+++ MATERIAL SHOWN
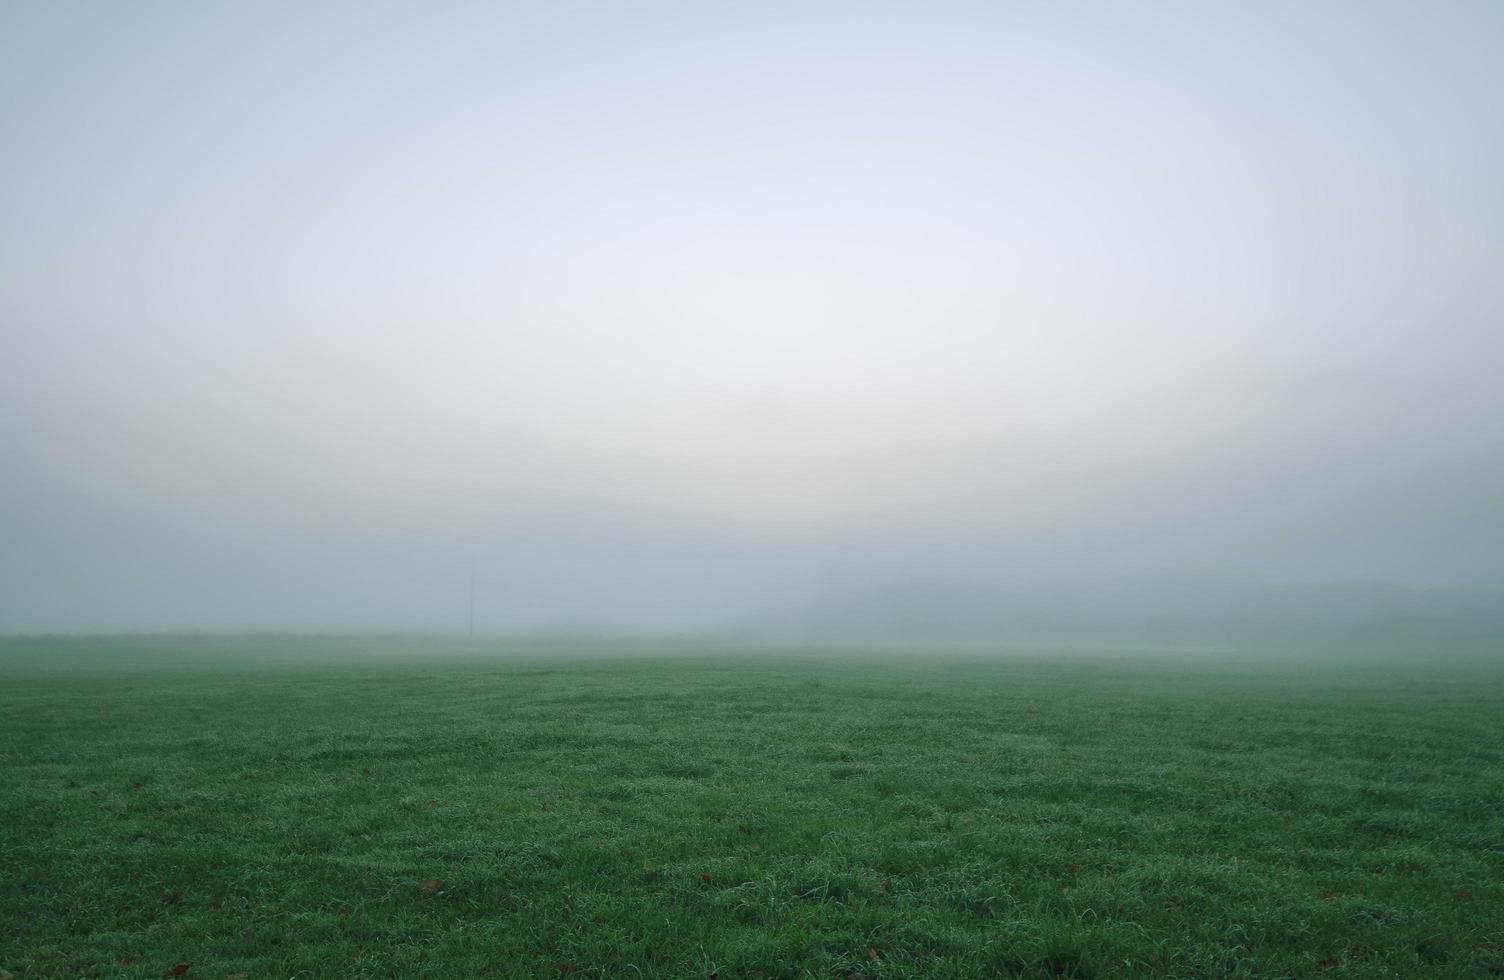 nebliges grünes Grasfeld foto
++++++
+++ MATERIAL SHOWN
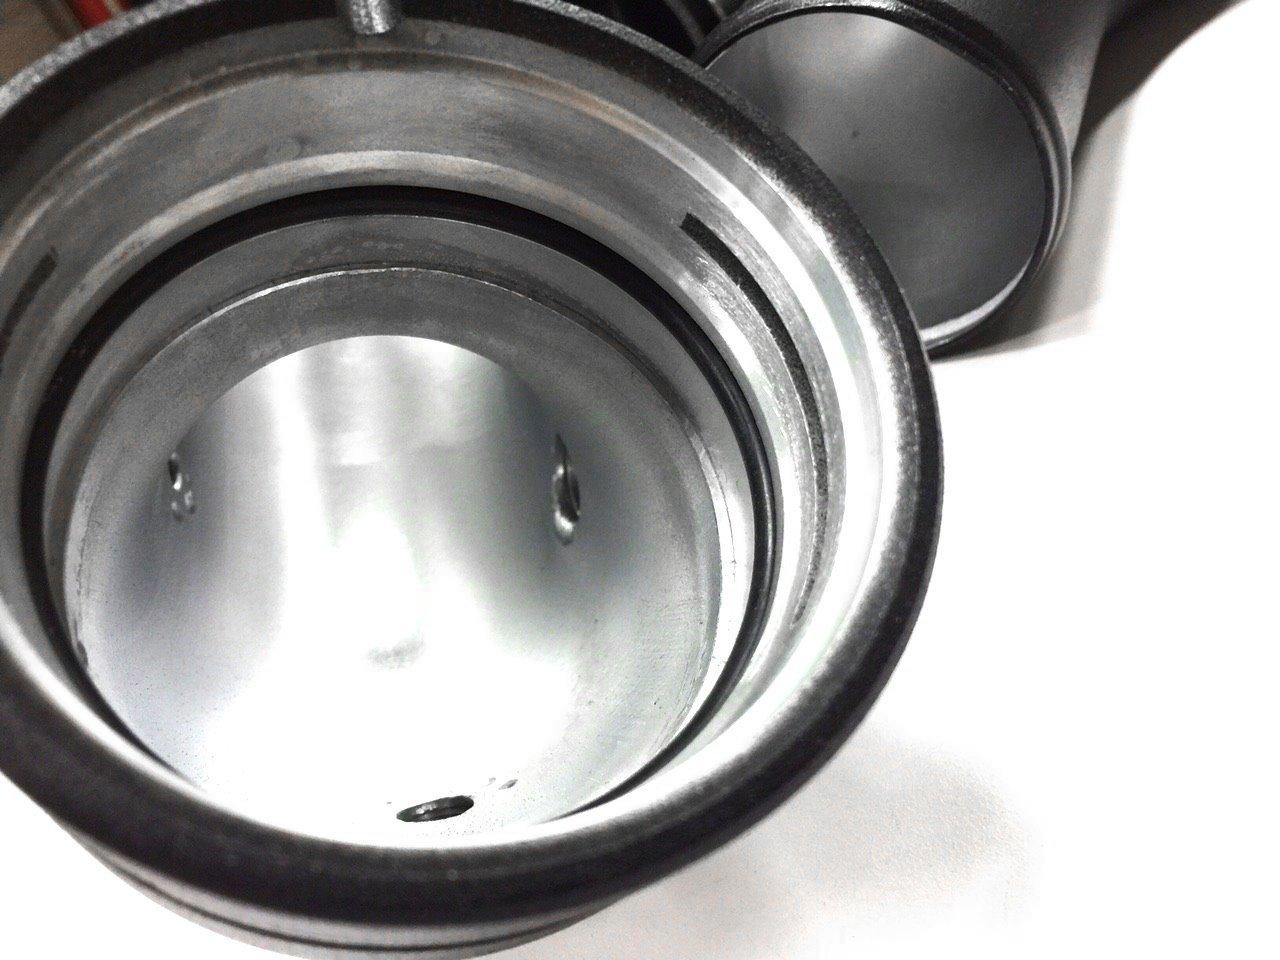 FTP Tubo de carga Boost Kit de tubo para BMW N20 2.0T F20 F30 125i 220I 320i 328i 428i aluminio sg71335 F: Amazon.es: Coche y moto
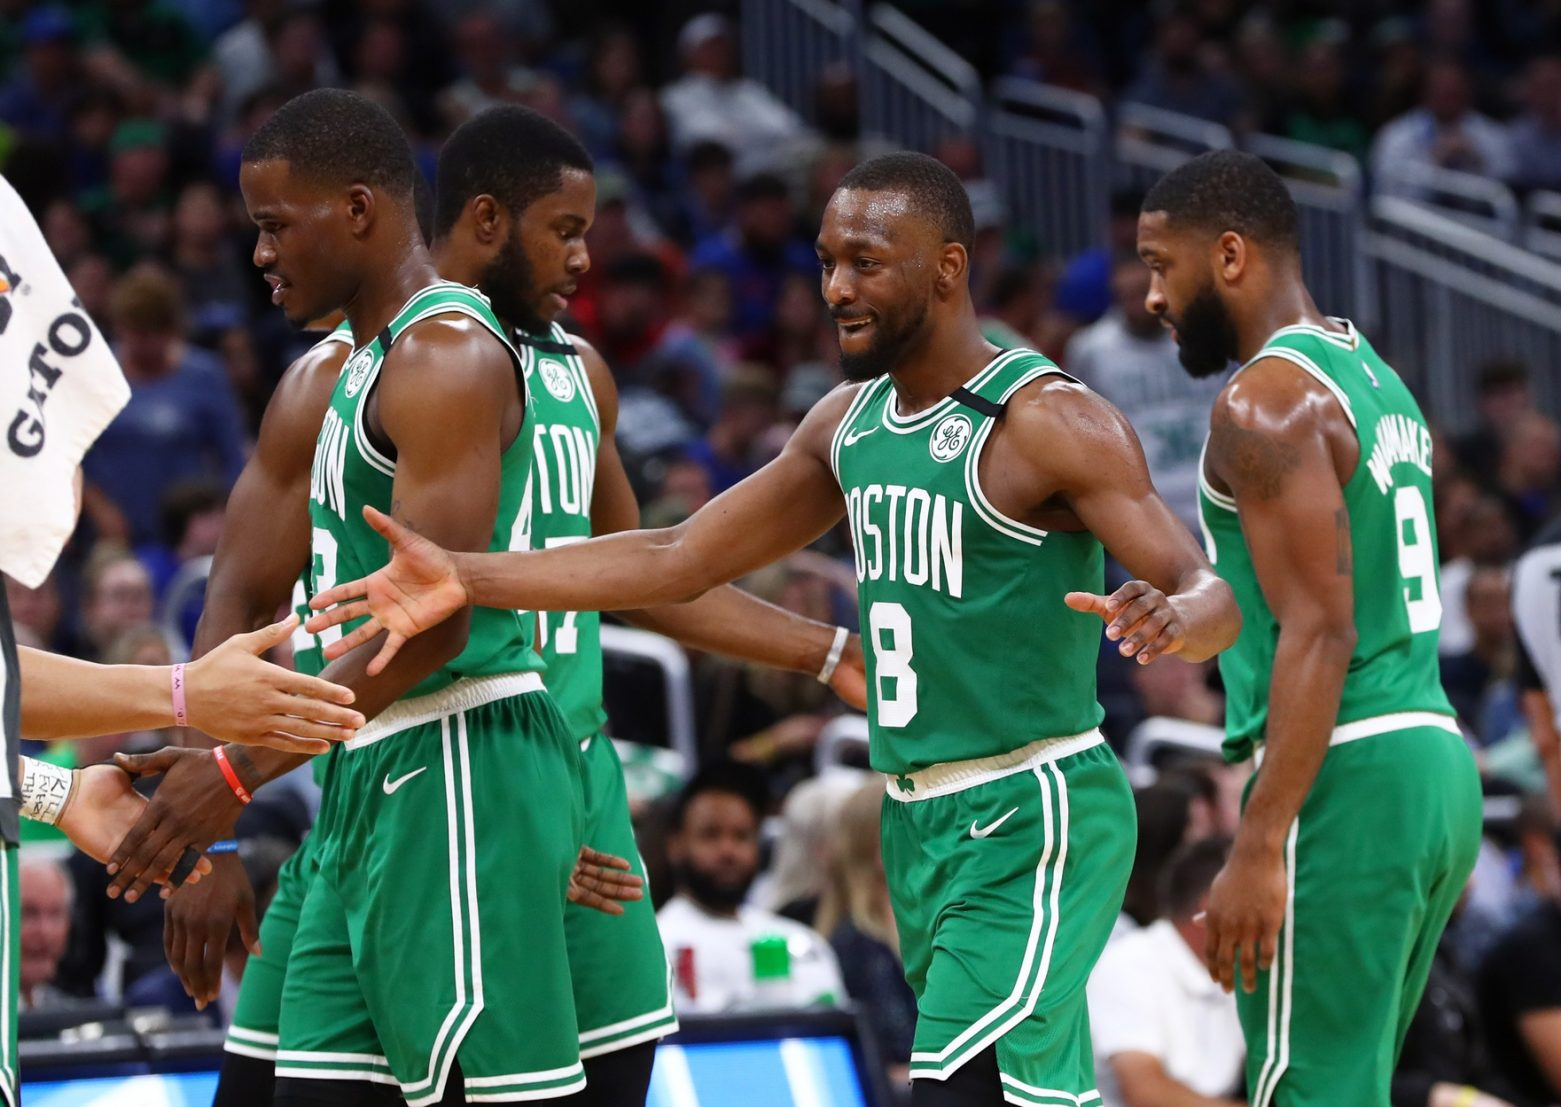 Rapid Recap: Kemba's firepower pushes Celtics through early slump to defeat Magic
++++++
**EXERCISE DESCRIPTION:** After locating the line containing "FTP Tubo de" in the entries above, return it and every line after it exactly, ending at the line containing "Rapid Recap: Kemba's", without pictures.

**EXPECTED ANSWER:**
 FTP Tubo de carga Boost Kit de tubo para BMW N20 2.0T F20 F30 125i 220I 320i 328i 428i aluminio sg71335 F: Amazon.es: Coche y moto
 Rapid Recap: Kemba's firepower pushes Celtics through early slump to defeat Magic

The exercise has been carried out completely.